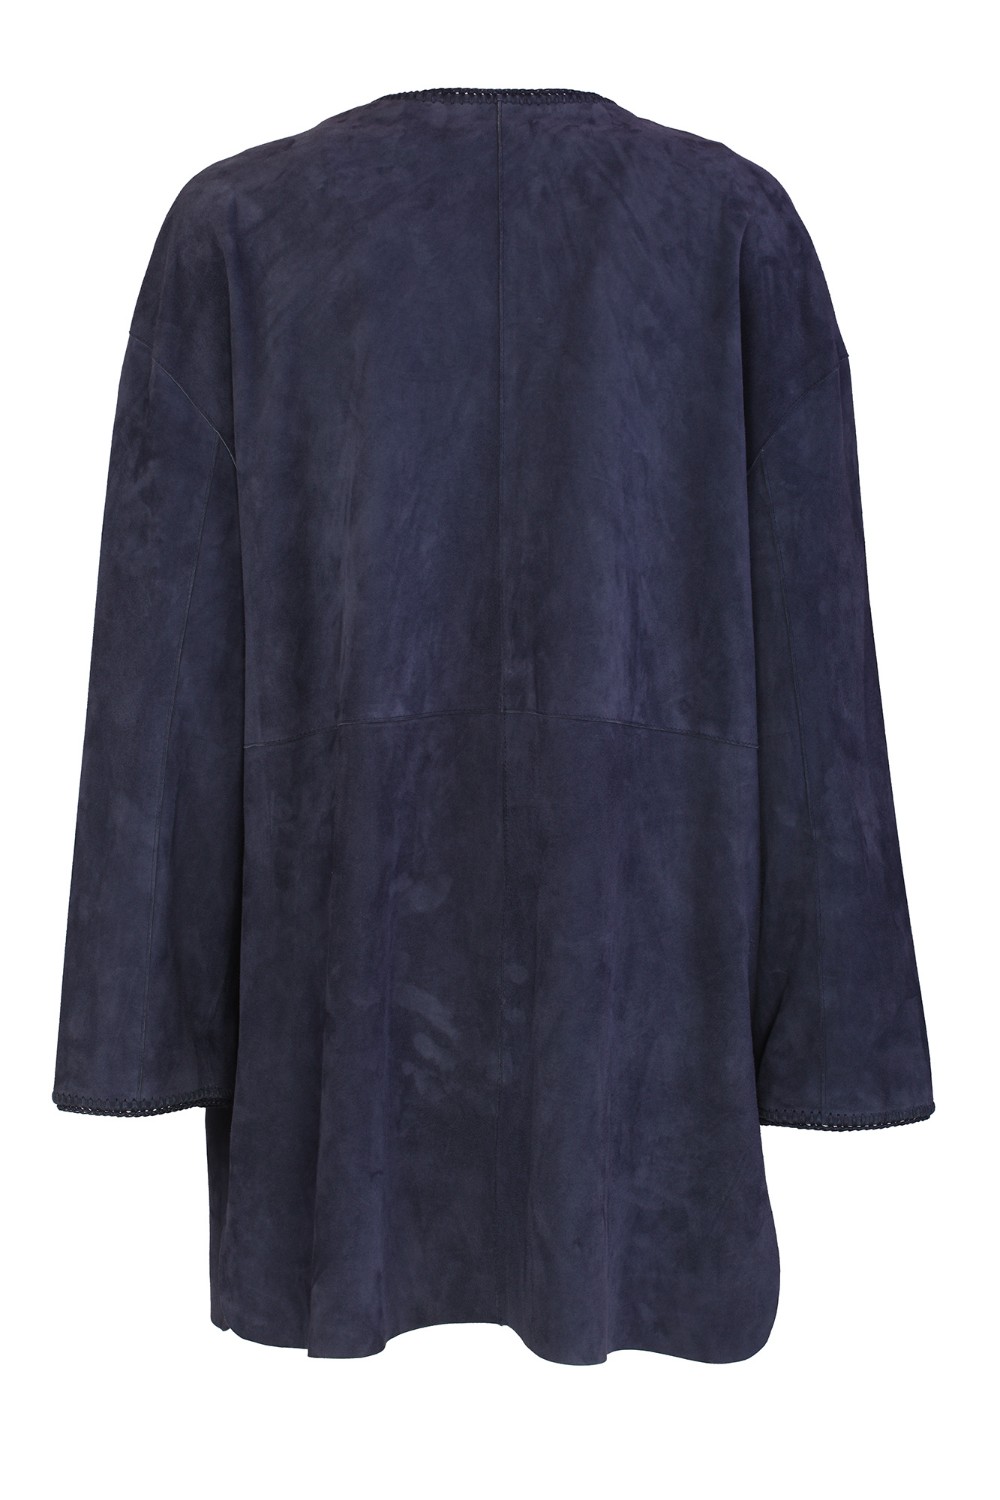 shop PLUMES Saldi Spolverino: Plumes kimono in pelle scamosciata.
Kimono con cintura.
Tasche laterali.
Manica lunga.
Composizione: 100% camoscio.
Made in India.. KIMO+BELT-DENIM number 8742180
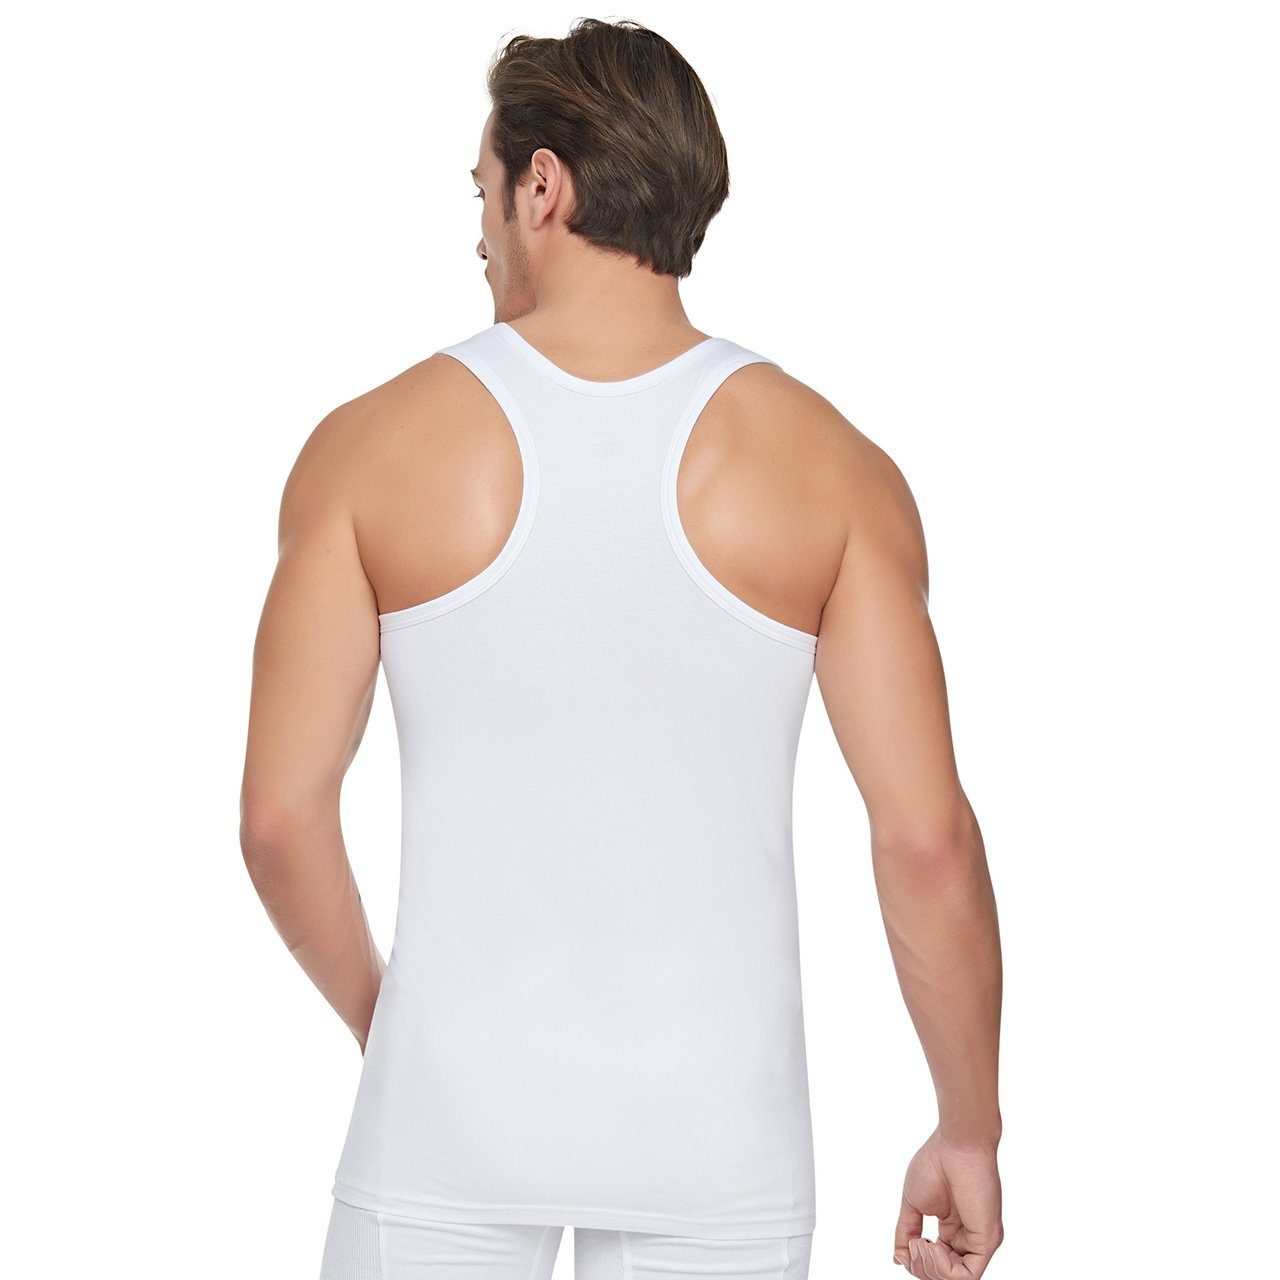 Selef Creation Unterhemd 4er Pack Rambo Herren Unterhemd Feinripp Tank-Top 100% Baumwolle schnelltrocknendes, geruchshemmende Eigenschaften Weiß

- - -

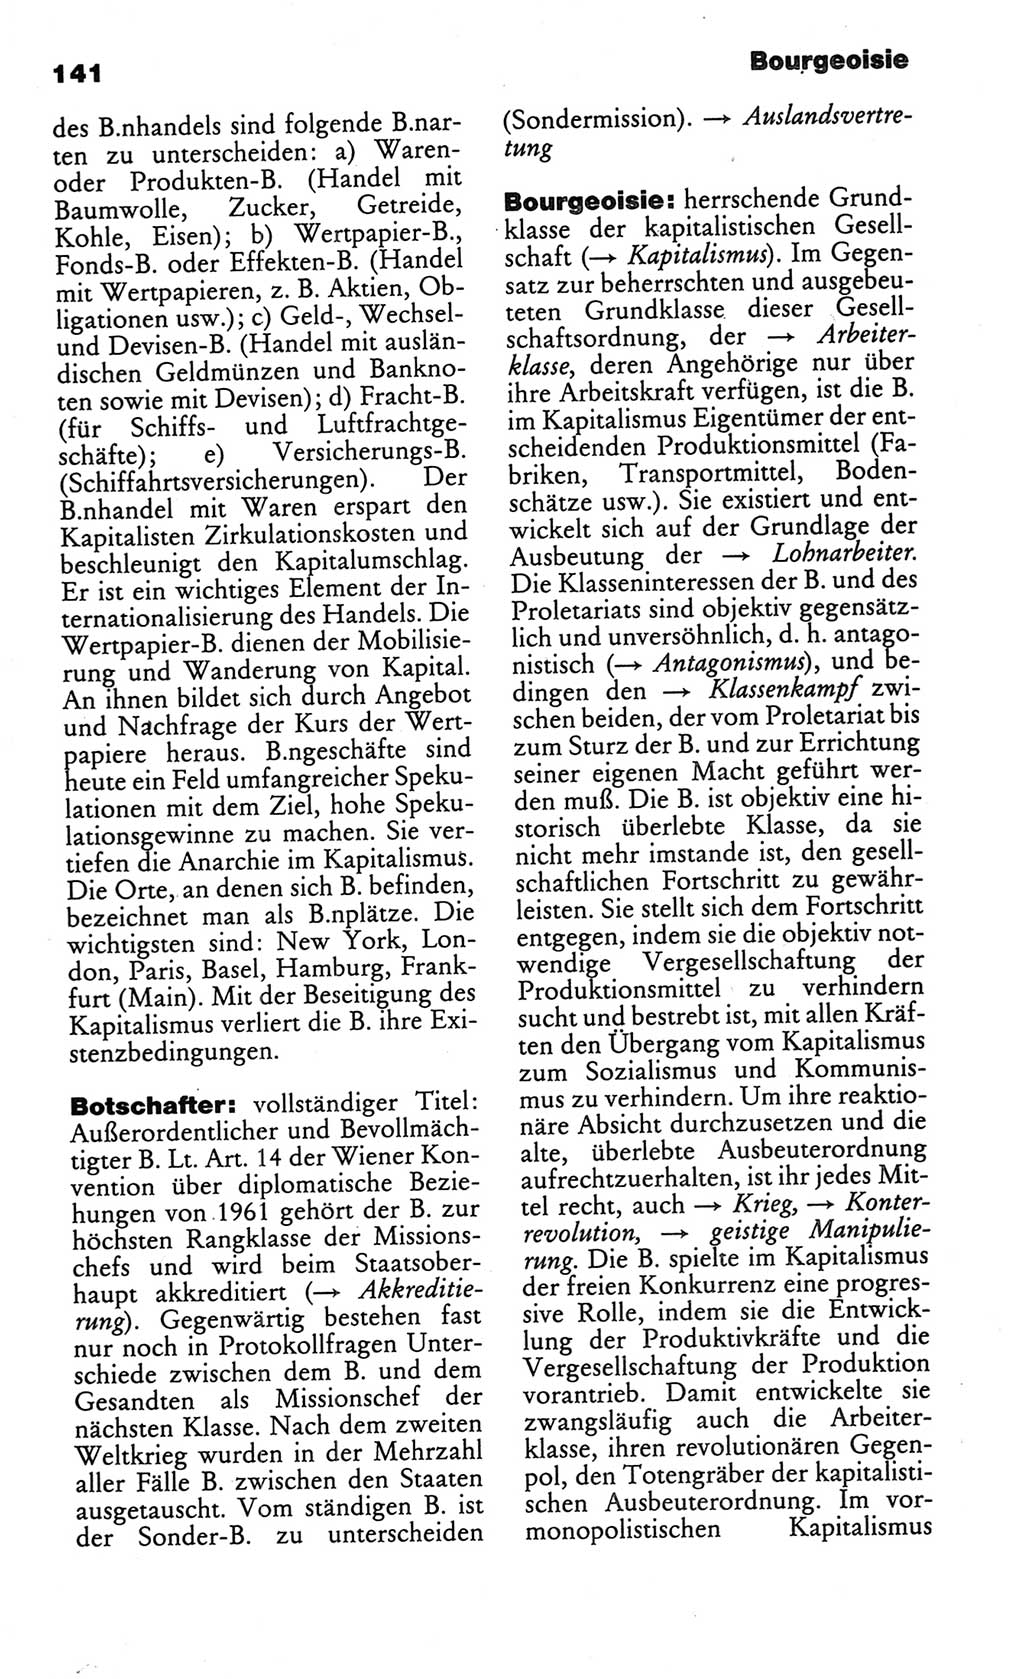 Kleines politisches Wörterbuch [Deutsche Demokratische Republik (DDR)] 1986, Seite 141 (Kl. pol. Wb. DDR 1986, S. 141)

- - -

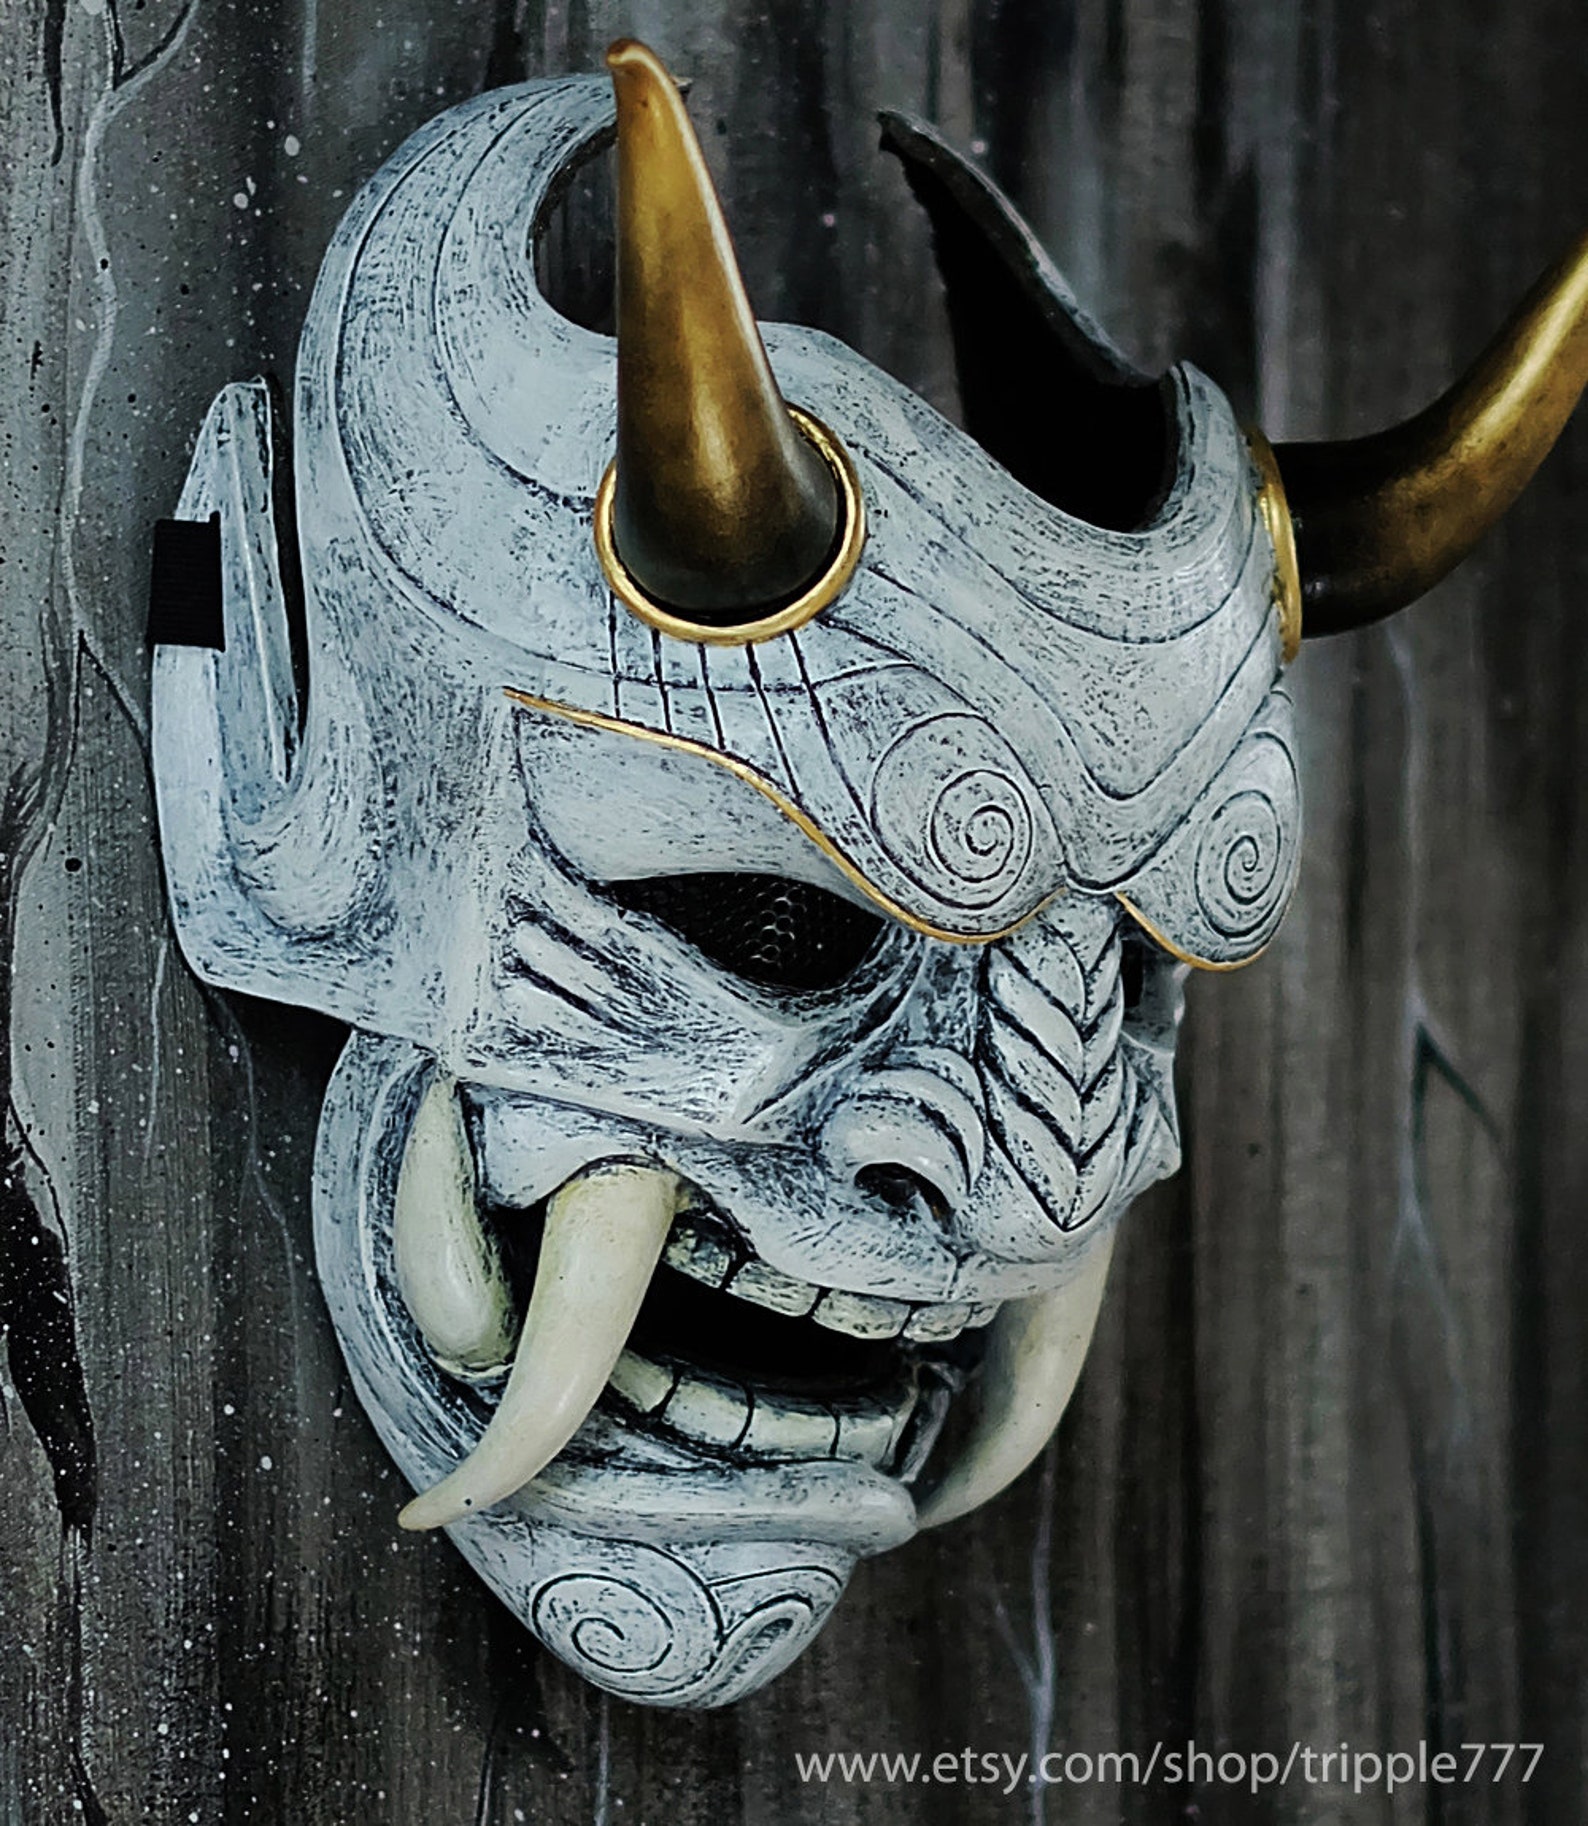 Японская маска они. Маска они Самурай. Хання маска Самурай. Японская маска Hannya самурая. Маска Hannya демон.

- - -

### What the exercise asks
All pictures are to be skipped. Output, word for word, the lines in the data above starting at the line containing "Manica lunga." and ending at the line containing "Selef Creation Unterhemd".

### Answer space
Manica lunga.
Composizione: 100% camoscio.
Made in India.. KIMO+BELT-DENIM number 8742180
 Selef Creation Unterhemd 4er Pack Rambo Herren Unterhemd Feinripp Tank-Top 100% Baumwolle schnelltrocknendes, geruchshemmende Eigenschaften Weiß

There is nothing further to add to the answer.